S&P 500 closes higher for fourth straight day, but storm clouds remain
Wall Street’s relief rally continues, but are investors becoming overly optimistic ahead of the latest inflation rate?
Investors remain optimistic that the worst could be over.
Shares have continued their impressive run during Monday’s trading period as a weakening US dollar and a slight reduction in oil prices have investors thinking inflation may have peaked.
The S&P 500 is up 1.06% and closed at 4,110.41 while the tech-heavy Nasdaq composite rose by 1.27%.
Wall Street’s strong rebound extended to European markets, including England’s FTSE 100 trading up 1.66%.
Australia’s market is now predicted to be above 7,000 points during the morning’s trading.
Things are bad, but could be worse
Despite the recent rally, the US Federal Reserve is still predicted to lift rates.
It has even gone as far as saying it’ll fight inflation at the expense of economic growth.

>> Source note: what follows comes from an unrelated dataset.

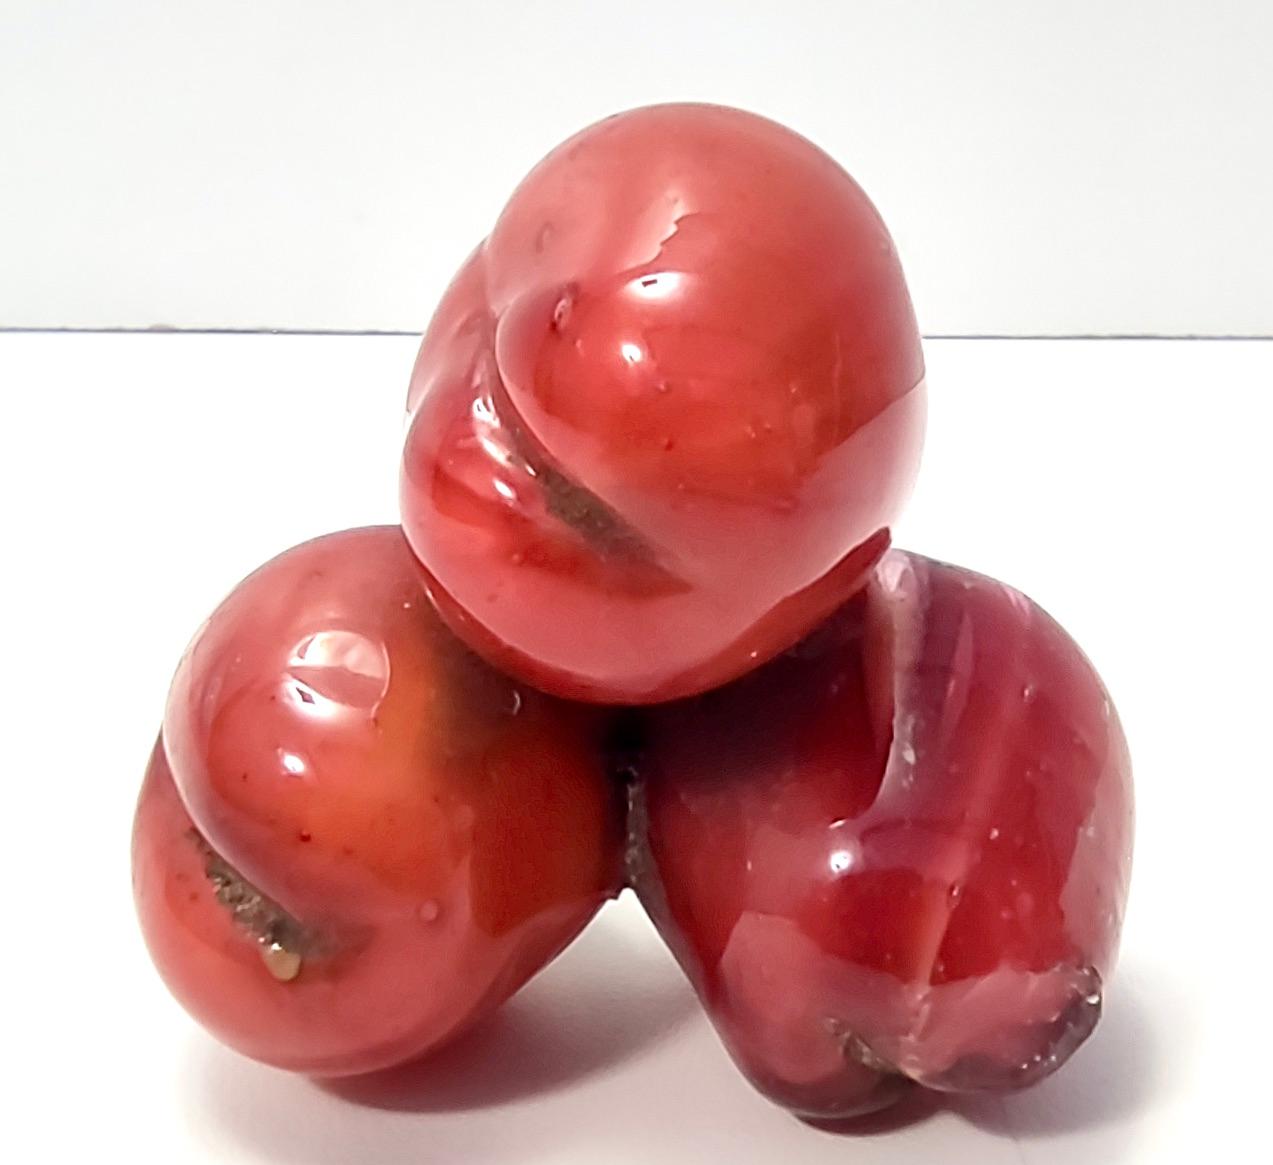 Mid-Century Modern Vintage Murano Glass Decorative Item of Cherries by Martinuzzi for Venini, Italy For Sale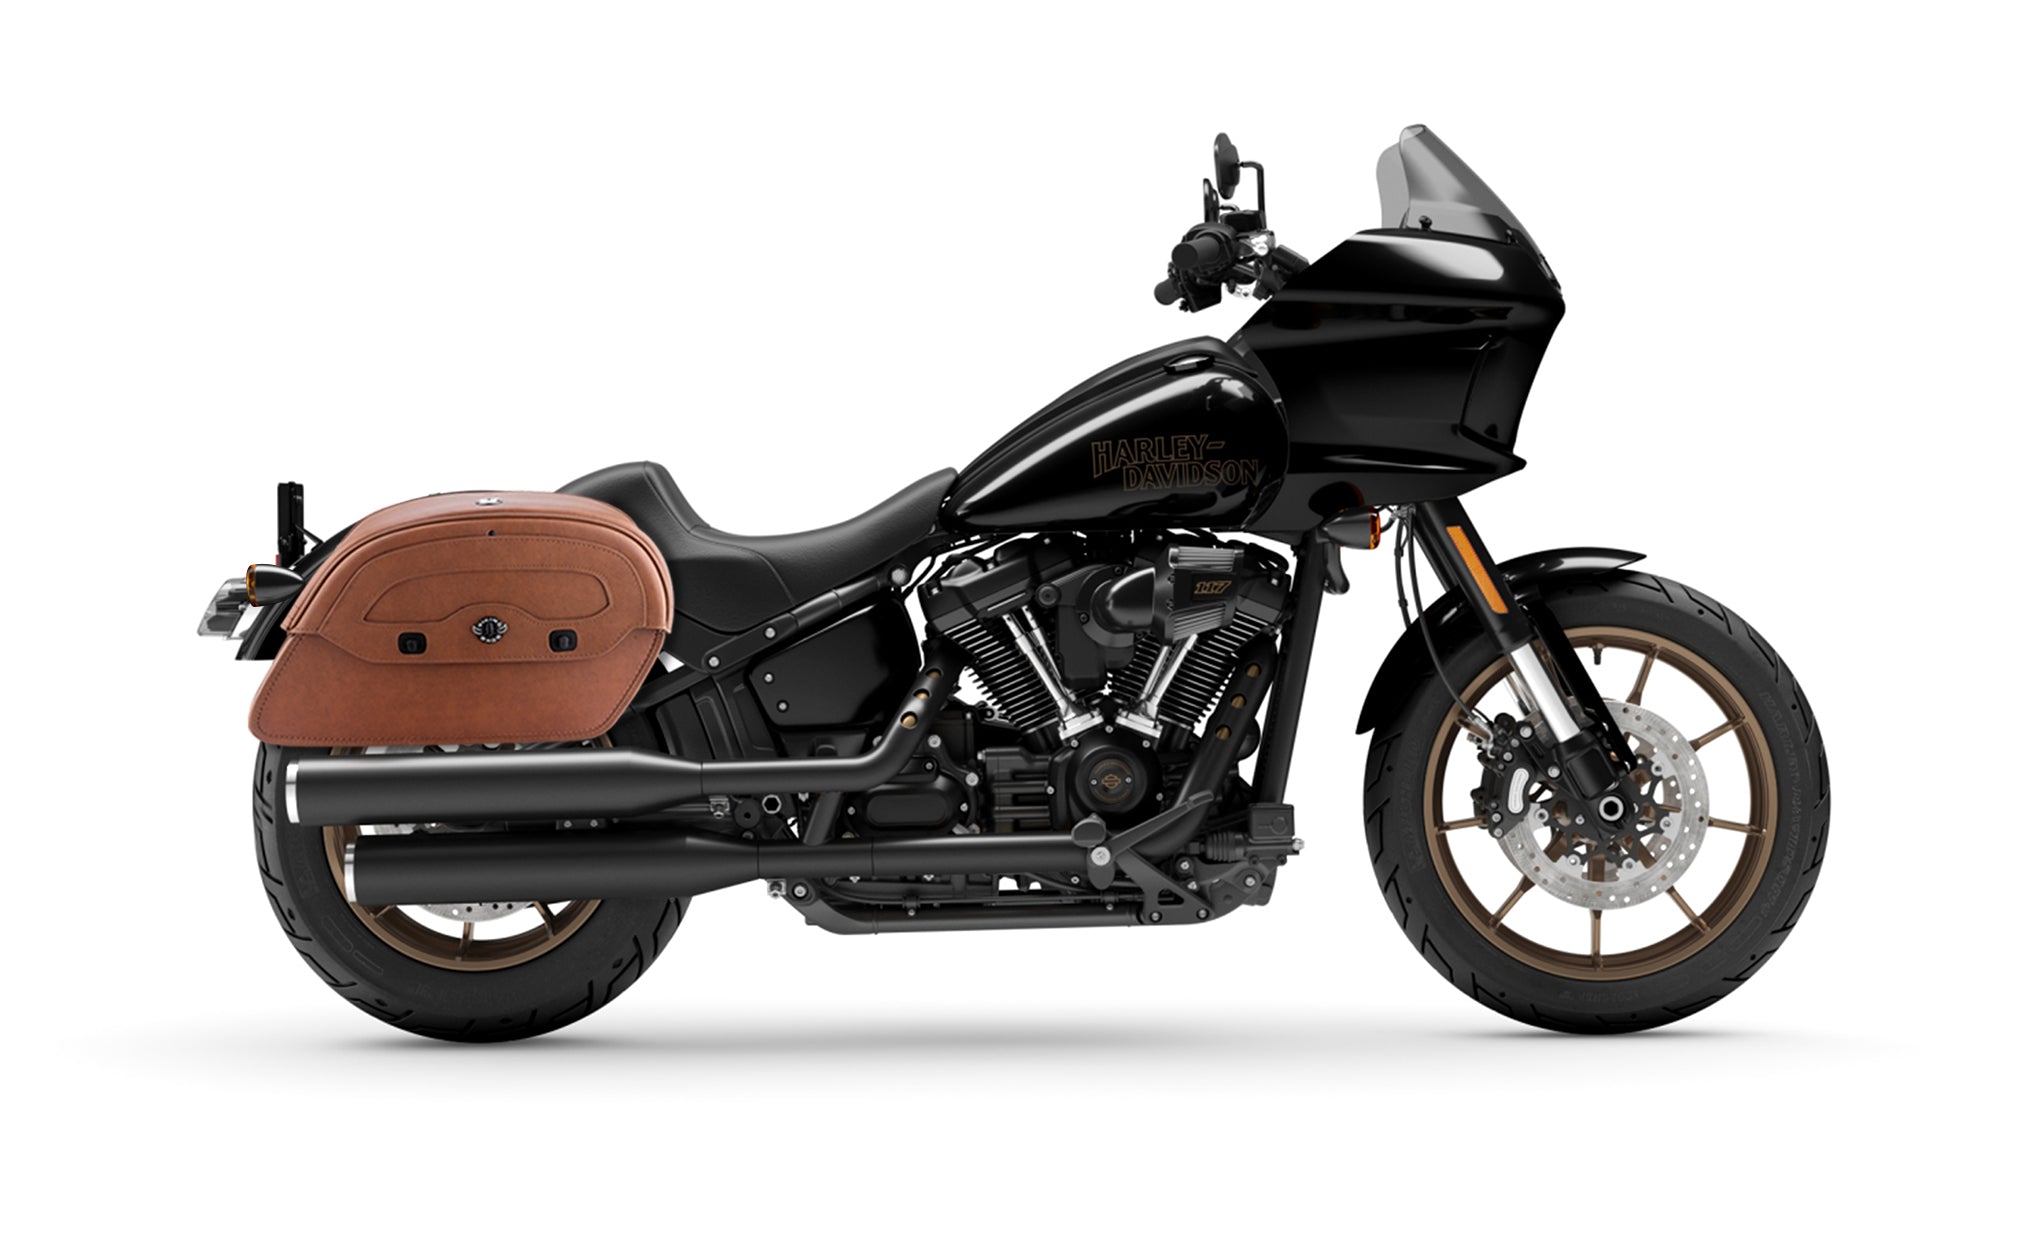 Viking Warrior Brown Large Leather Motorcycle Saddlebags For Harley Softail Low Rider ST FXLRST Bag on Bike View @expand

This is because the inflation rate is at a 40-year high.
At the same time, the war in Ukraine goes on and puts pressure on commodity prices, including oil and wheat.
But while both are bad, things could be worse.
“The combination of the somewhat surprising successes in Ukraine and the possibility of a very favourable inflation headline that maybe even shows a decline for last month may put us into a situation where we have a continued rally here,” Toews Asset Management CEO Phillip Toews told CNBC.
“And at that point, the main threat in the short term and in the medium term will be whether earnings continue to deteriorate.”
Once again the market will be on Fed watch.
The market largely expects another 75-basis-point rise in September as the Fed fights inflation.
But watch for the language used.
Investors will be looking for signs that the worst of inflation is over.
Positive commentary could see the relief rally continue while negative signs will likely see another market pull-back.